If you have a smaller TV <40" and no-one in the family is especially aware of or sensitive to motion problems in TV then you may not notice the difference, everyone's eyesight and perception is slightly different this is why you will get some posters telling you an ION is great and others (like me) telling you to buy a GT220 or GT430 or everything will look terrible.

The issues are also the sort of thing that some people can miss entirely until it's pointed out after which time the problems cannot be unseen! If a broadcast engineer wants to be cruel to you they can point out a whole host of unpleasant effects in modern TV that might put you off watching TV for life ;-) I sent my new girlfriend out of the room while setting up her new TV as she was wanting me to point out the problems I was fixing as I went along, sometimes ignorance is bliss!

1080p encoding often uses higher bandwidth when compressed, mostly because it has usually come from a bluray but in some cases lower bandwidth 1080p (from some satellite & cable feeds) can be harder for the decoder. Due to this one posters "1080p/i works for me" is pretty meaningless unless [s]he's watching the same sources as you recorded in the same way.

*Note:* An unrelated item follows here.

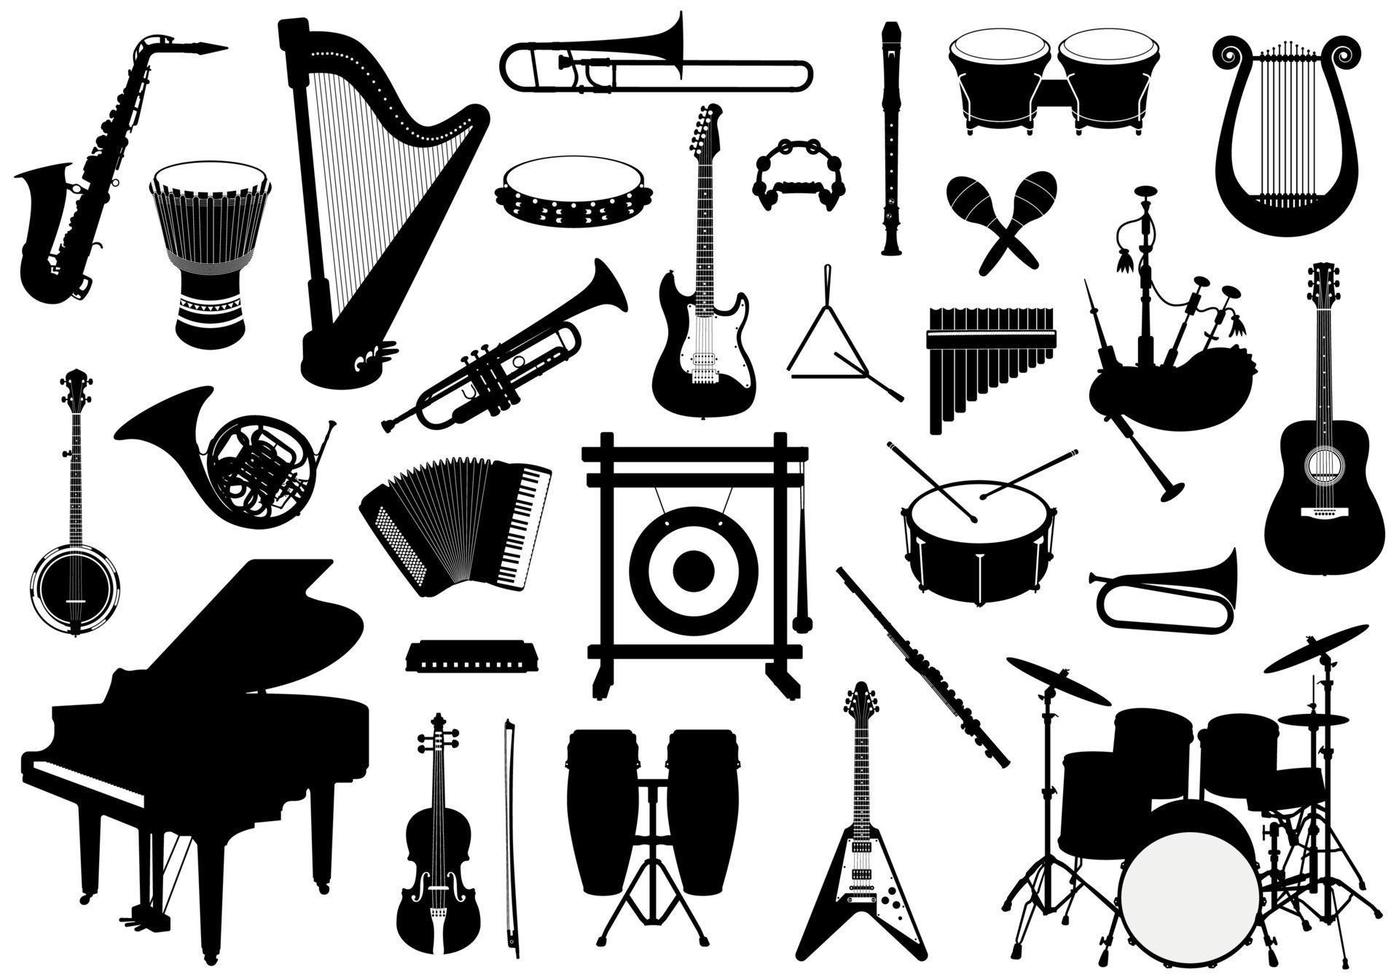 impostato di musicale strumenti sagome, batteria, percussione, tastiera e corda strumenti illustrazioni vettore

While it's true that 1080i uses half the bandwidth of 1080p when uncompressed, pretty much any 1080p you find outside of a broadcasters R&D lab uses exactly the same bandwidth as it's 1080i equivalent, potentially a little less. Uncompressed bandwidth is irrelevant for anything other than very long HDMI cables or de-interlacing.

Andre
> 
> in other words - no problems :)
> my 330ion handles 1080i broadcast material fine; I've not tested 1080p
> yet though.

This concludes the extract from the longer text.